Относился ли «мой» японец (по сути, относился бы я — я ведь у себя самого и ни у кого другого это спрашиваю!) к числу более близких ему по положению лиц, предпочетших собственную смерть и гибель страны непереносимому позору капитуляции или выбрал бы более осторожную и взвешенную позицию, близкую к той, которую заняли неизмеримо более высоко стоявшие на социальной лестнице того времени, чем лётчик-майор, адмирал Мицумаса Ионаи, министр иностранных дел Шигенори Того и премьер-министр Кантаро Судзуки? У них были серьёзнейшие основания опасаться физического нападения молодых японских офицеров, чьи умы были помрачены пребыванием в милитаристском угаре, не желавших по этой причине считаться более ни с кем и ни с чем.
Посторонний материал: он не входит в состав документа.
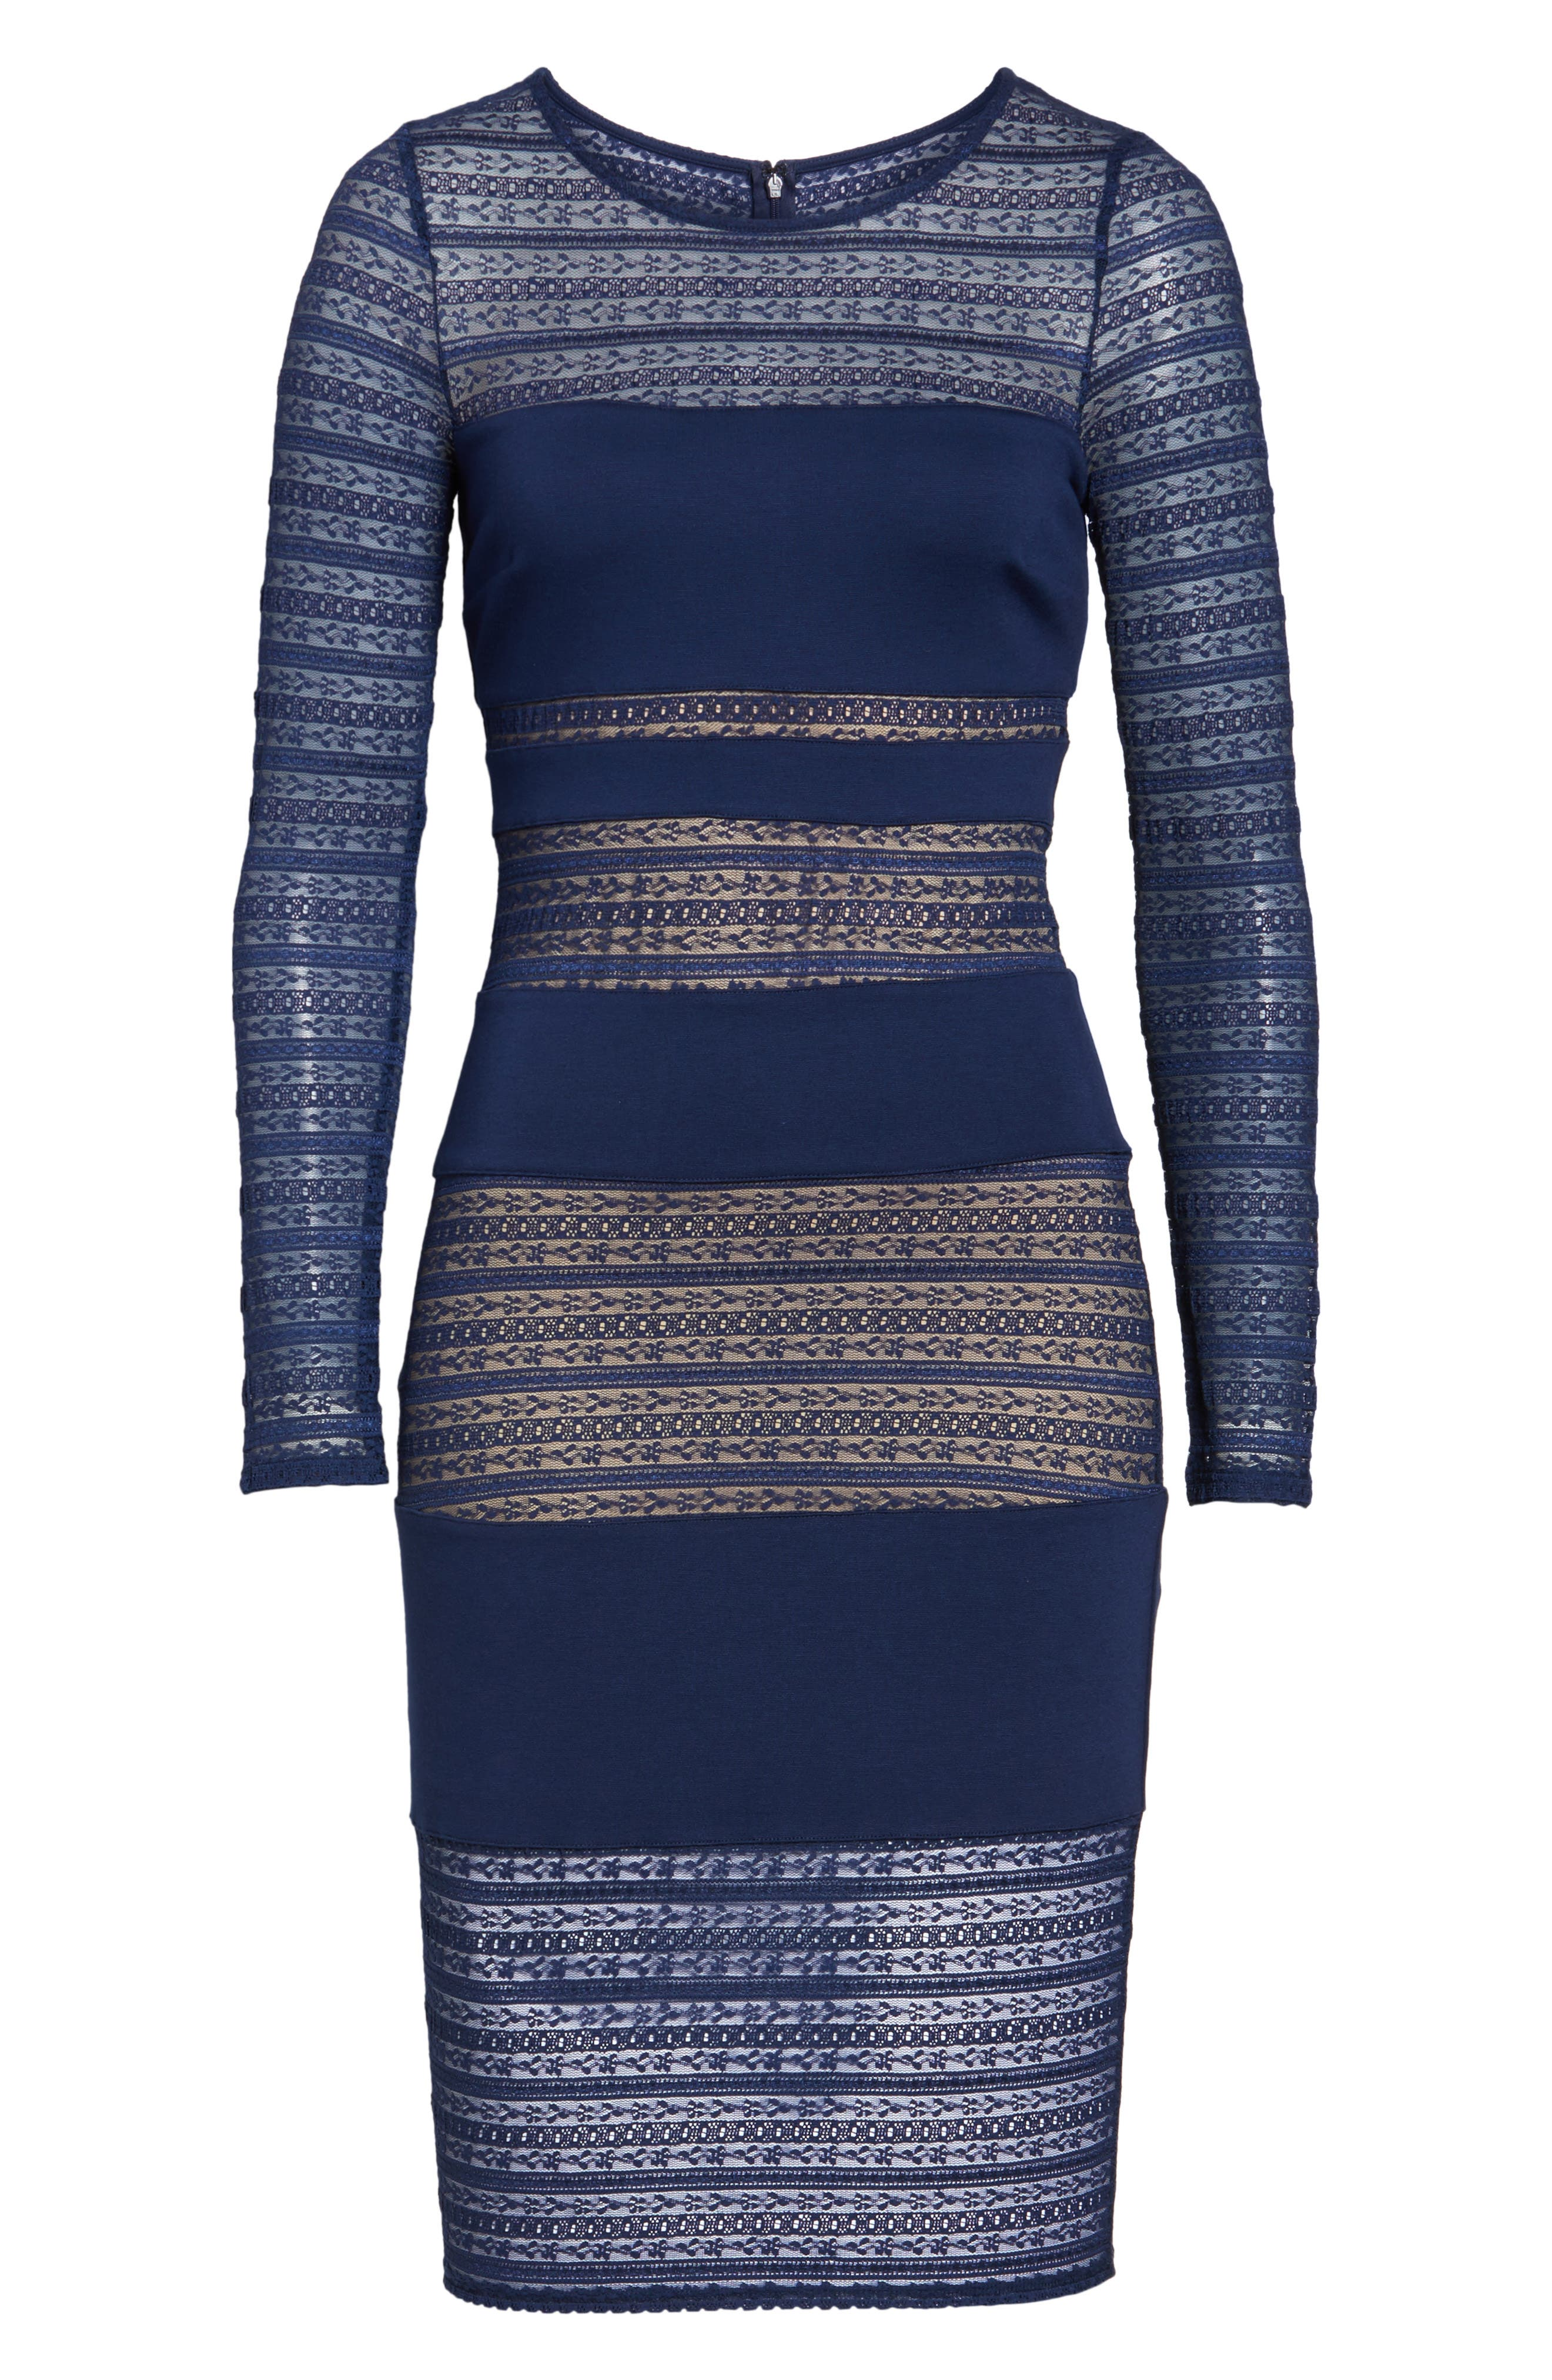 Lovestruck Stripe Body-Con Dress,                             Alternate thumbnail 7, color,                             Navy

Я иногда задаю себе вопрос: почему мне всё это вдруг стало интересно? Спрашиваю себя, нет ли во мне ощущения, что я «недовоевал»? А довоевали ли окружающие меня люди, являющиеся носителями душ павших в той, Второй мировой, или в других, менее масштабных, более ранних или позднейших, но все равно ожесточённых и кровопролитных войнах? Сегодня я и не хотел бы воевать. А он? Он, майор Набунагэ? Что именно, какое чувство, уходя, унесла с собой из этого мира его душа? Хотел он и дальше воевать? Навоевался ли он? Нет пока во мне такого определённого ответа.
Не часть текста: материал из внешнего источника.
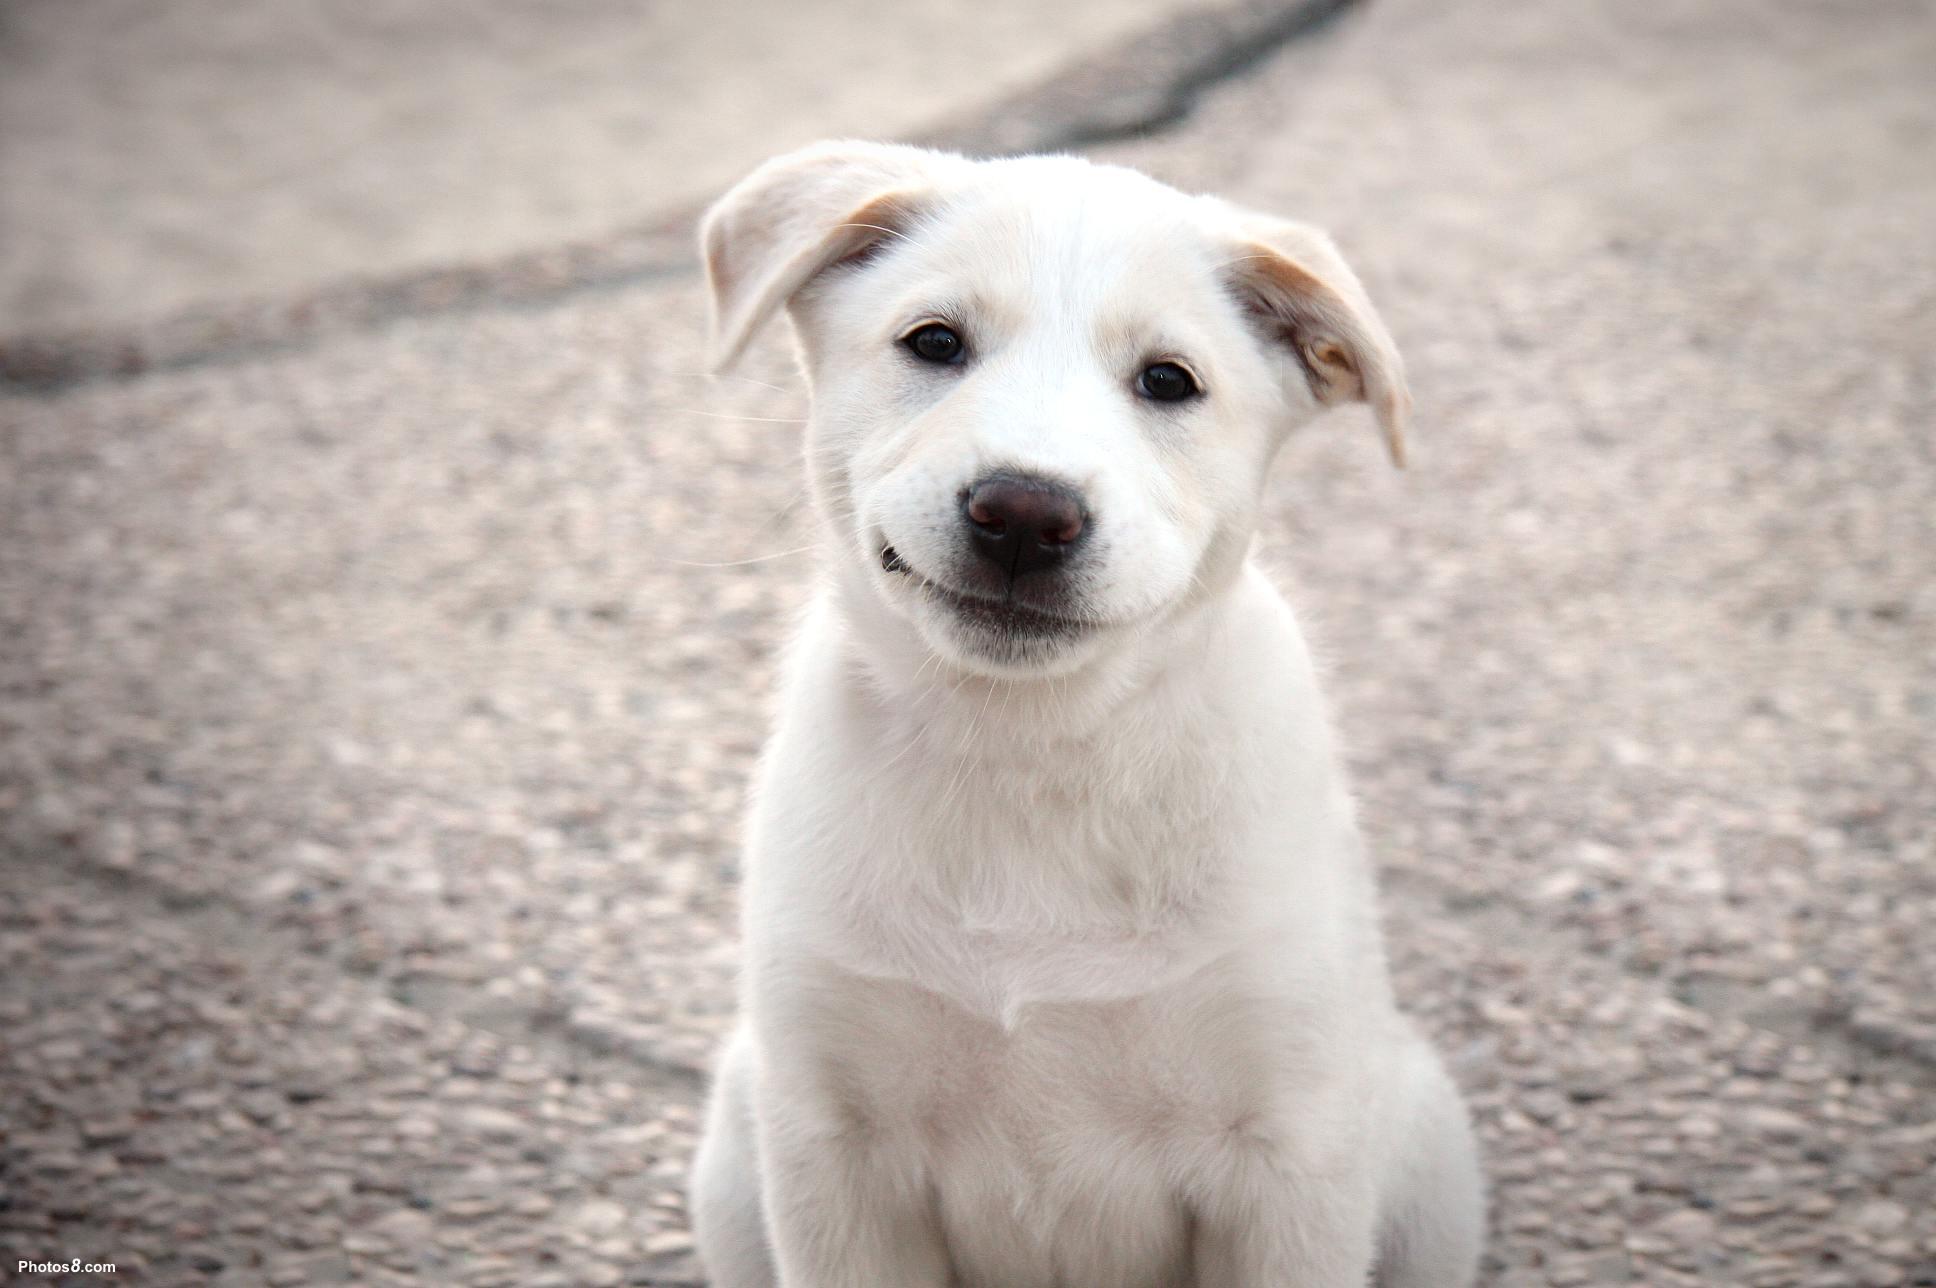 dog photos free download - hd desktop wallpapers | 4k hd

Может быть, ответ этот не созрел тогда ещё в его душе. Может быть, я сегодня пока не развит и не способен такой искренний ответ уловить.
Но я не могу отделаться от однажды посетившего меня странного ощущения, хотя и невозможно признать его полностью моим. Однако оно приходило вновь и вновь и, похоже, это чувство причастности к судьбе и посмертию японца будет продолжаться.
Вероятно, раз в год. Вероятно, в день гибели японского лётчика.
На какие-то доли секунды. В предрассветьи.
На фоне священной для всех японцев горы Фудзи. Чуть тронет её сужающийся кверху гиперболический конус первый розовый луч восходящего солнца.
В сиреневом небе. На доли секунды.
Вдруг проявляются знакомые обтекаемые контуры истребителя времён Второй мировой войны.
Блеснут в луче солнца лопасти бешено вращающегося воздушного винта.
Вспыхивает солнечный блик на плексигласовом фонаре пилотской кабины. В кабине — он. На мгновение в прозрачном светлеющем воздухе проступают очертания боевых машин погибших с ним в то августовское утро 1945 года его молодых сослуживцев.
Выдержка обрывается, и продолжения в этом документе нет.